Transcriptome data set of F. vesca cv. Yellow Wonder tissues

The expression of FaGT2 (AY663785; gene26265) and FaGT5 (DQ289586; gene26249) corresponding transcripts in three stages of green fruit development of F. vesca cv. Yellow Wonder was evaluated in a transcriptome data set publicly available at the SGR database (Darwish ; Kang ; http://bioinformatics.towson.edu/strawberry/newpage/Compare_Samples.aspx, accessed August 2015).

Results

Selection of putative gallic acid UDP-glucose glucosyltransferases from F. vesca, F.×ananassa, and R. idaeus

Sequence alignment and a phylogenetic comparison of three UDP-glucose:gallic acid GTs from Vitis vinifera (VvgGT1–VvgGT3; Khater ) with putative GTs encoded by the F. vesca genome (Shulaev ) yielded two sequences whose closest homologs in F.×ananassa have been named FaGT2 and FaGT5 (Supplementary Fig. S2). Recently, FaGT2 has been shown to be involved in the formation of cinnamoyl and 4-coumaroyl glucose ester in F. × ananassa (Lunkenbein ; Landmann ). Re-amplification of the ORF of FaGT2 from cDNA obtained from F.×ananassa cv. Elsanta produced a sequence FaGT2* that differed from the published version in 18 single nucleotide polymorphisms (SNPs). These SNPs resulted in eight amino acid changes and were located before and after the Plant Secondary Product Glycosyltransferase (PSPG) box, a conserved region assumed to be responsible for the interaction with the sugar donor (Fig. 1).
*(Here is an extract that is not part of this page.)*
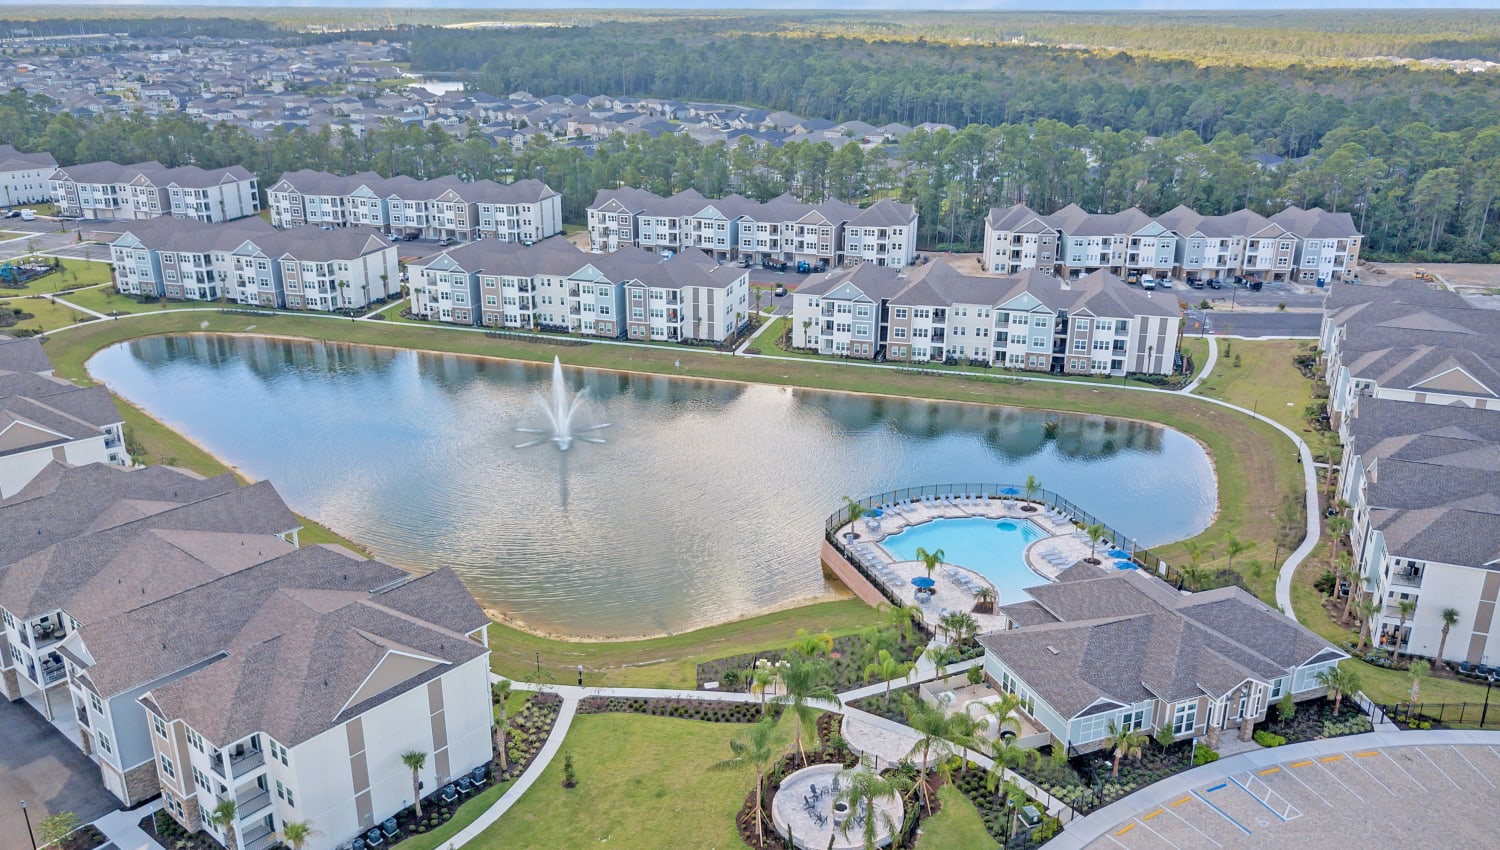 Aerial view of the community with pool and lake at Lakeline at Bartram Park in Jacksonville, Florida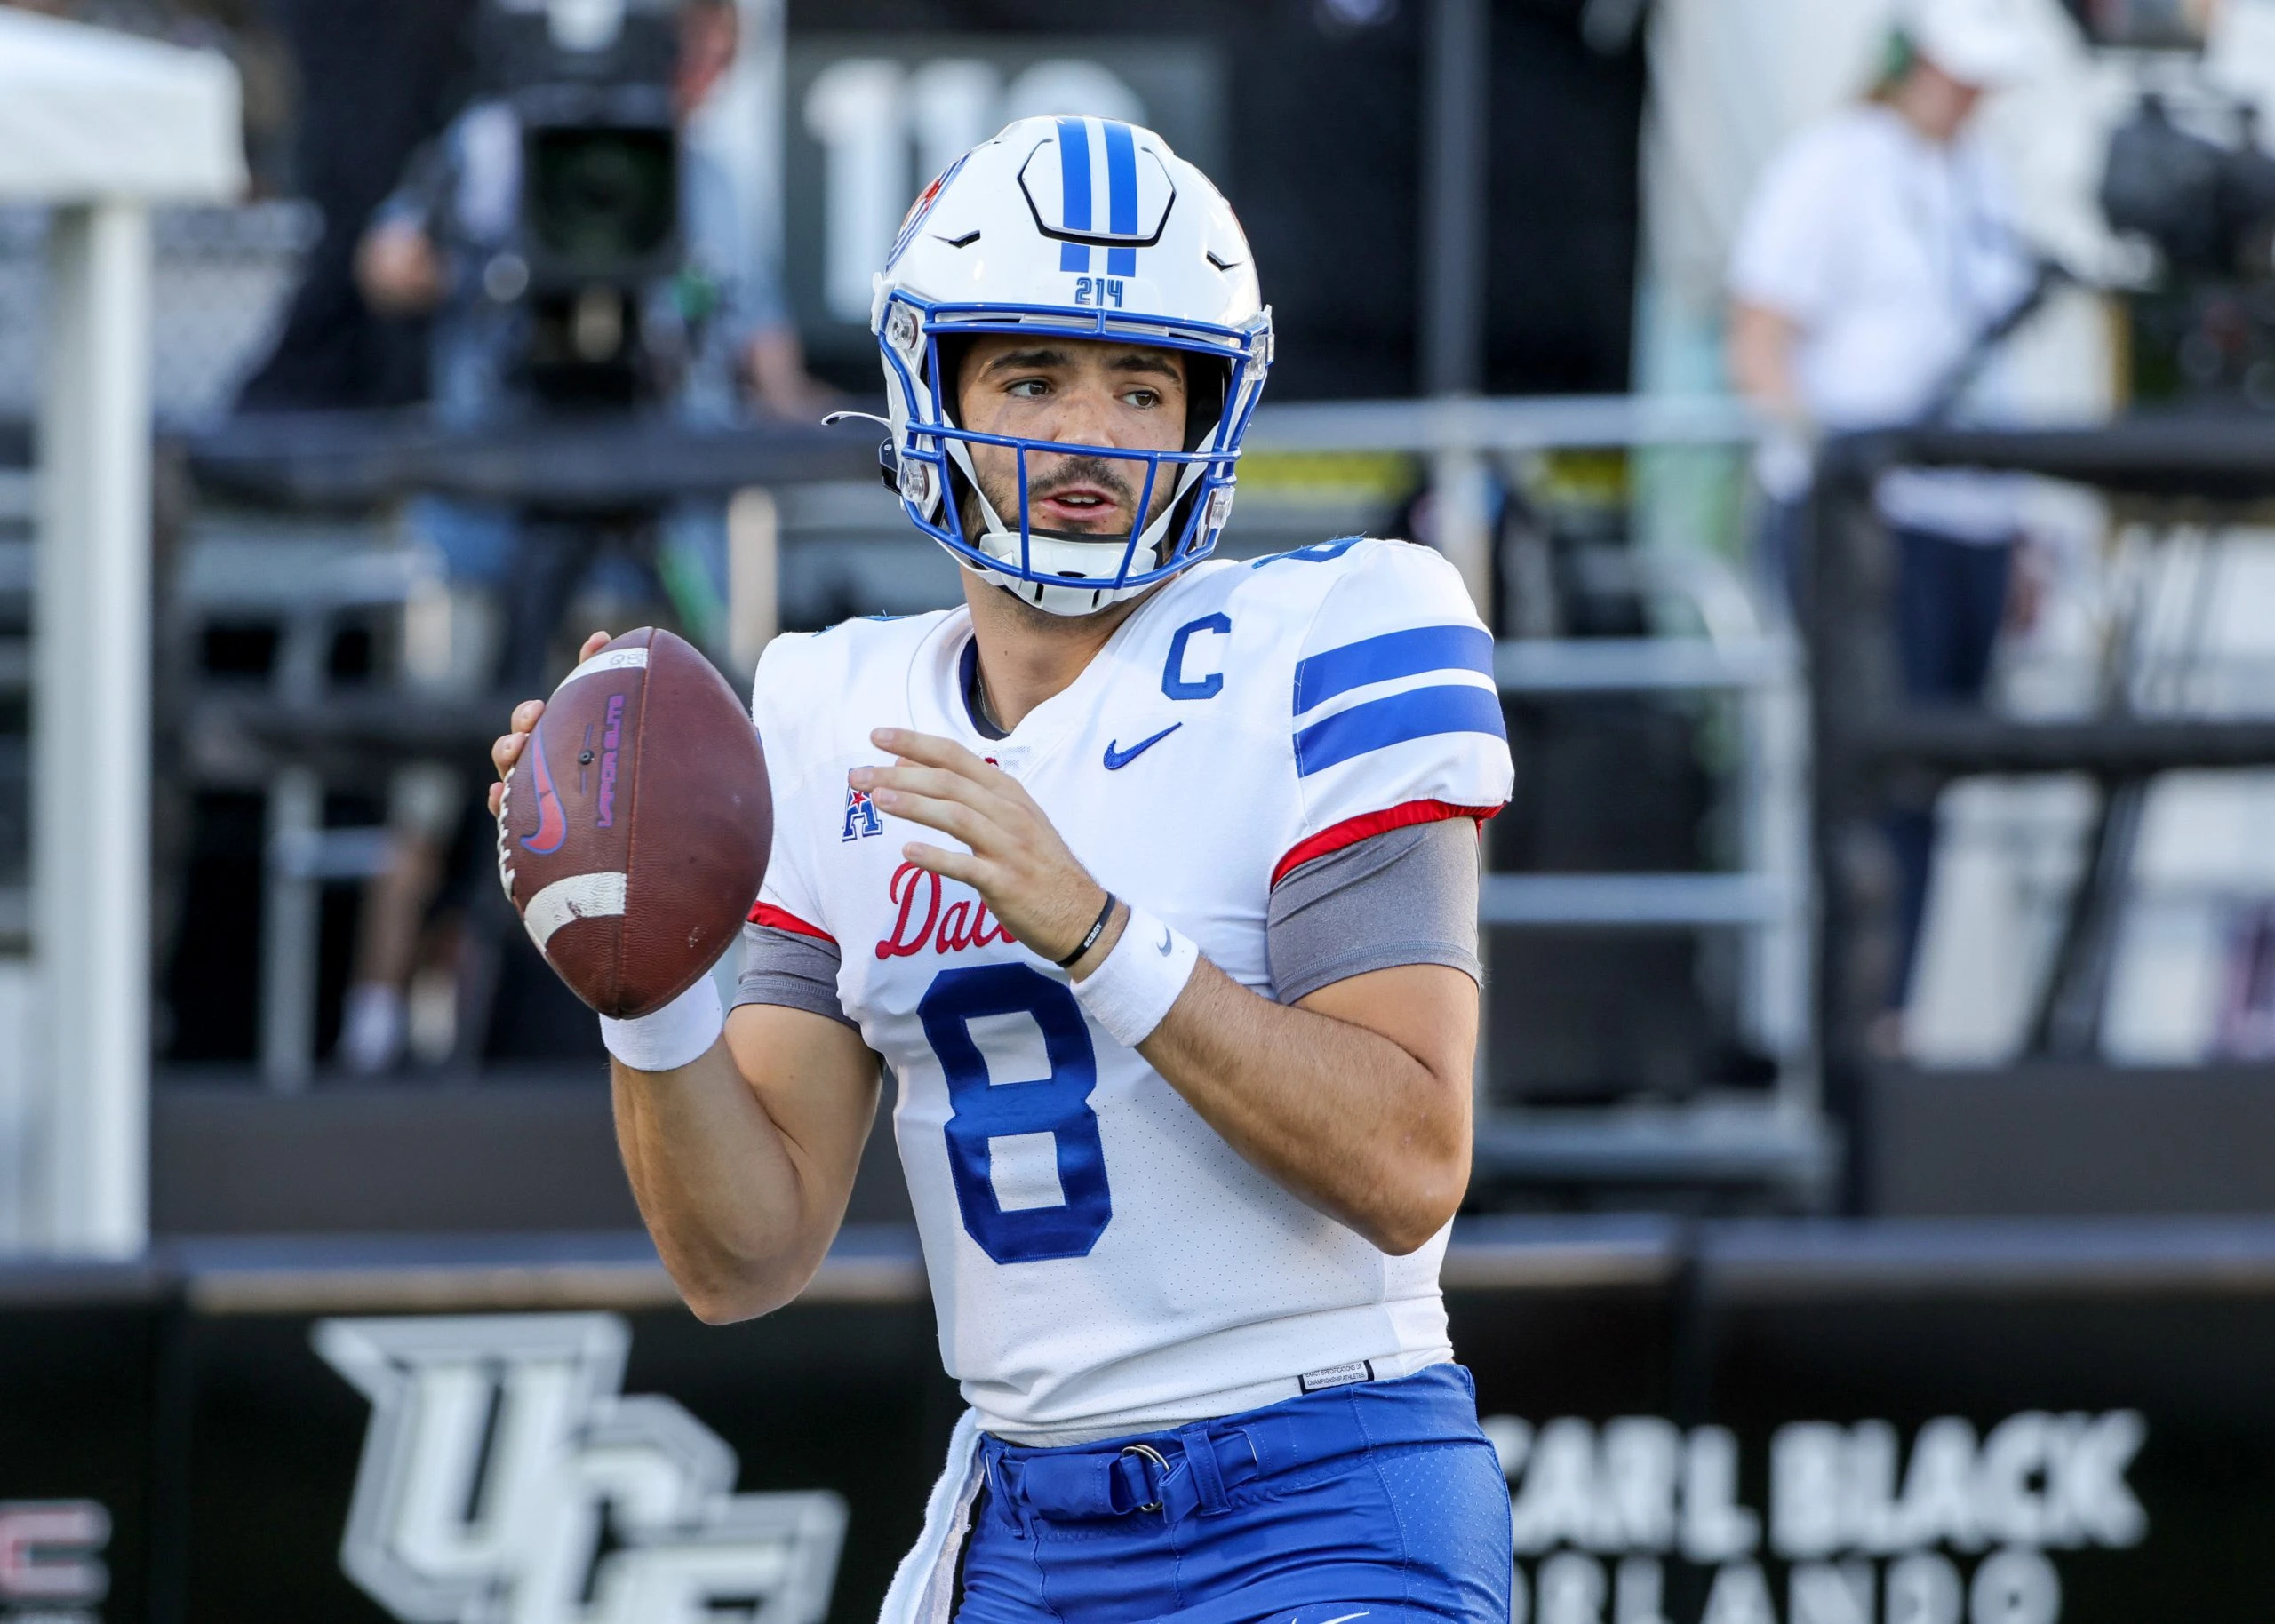 1Oct 5, 2022; Orlando, Florida, USA; Southern Methodist Mustangs quarterback Tanner Mordecai (8) warms up before a game against the UCF Knights at FBC Mortgage Stadium.

In addition to both FaGT2 sequences and FaGT5, we selected GT2 orthologs from F. vesca (FvGT2) and R. ideaus (RiGT2) for further analysis. Two mutants of FaGT2* were also generated by site-directed mutagenesis to test the effect of the amino acid changes between FaGT2* and FaGT2 on the catalytic activity and substrate specificity of the enzymes. VvgGT1 was used as a positive control (Khater ). The GT2 protein sequences and VvgGT1 show a pairwise identity of >80% (Fig. 1), while GT2 homologs from strawberry and raspberry even have an identity of >93%. The genes were cloned into the expression vector pGEX-4T-1. The recombinant proteins were expressed with an N-terminal GST tag and enriched by affinity purification. The presence of the enzymes was verified by SDS–PAGE and western blot.

Fig. 1,

Protein sequence alignment of glucosyltransferases which catalyze the formation of β-glucogallin: garden strawberry (Fragaria×ananassa cv. Elsanta) FaGT2*, FaGT2, and FaGT5; woodland strawberry (Fragaria vesca) FvGT2; raspberry (Rubus idaeus cv. Tulameen) RiGT2, and grape vine (Vitis vinifera cv. Maccabeu) VvgGT1 (gi|363805185|gb|JN164679). This alignment was processed by ClustalX of the GENEIOUS Pro 5.5.6 program with its default parameters (Biomatters; http://www.geneious.com/, accessed August 2015). The Plant Secondary Product Glycosyltransferase (PSPG) box is boxed.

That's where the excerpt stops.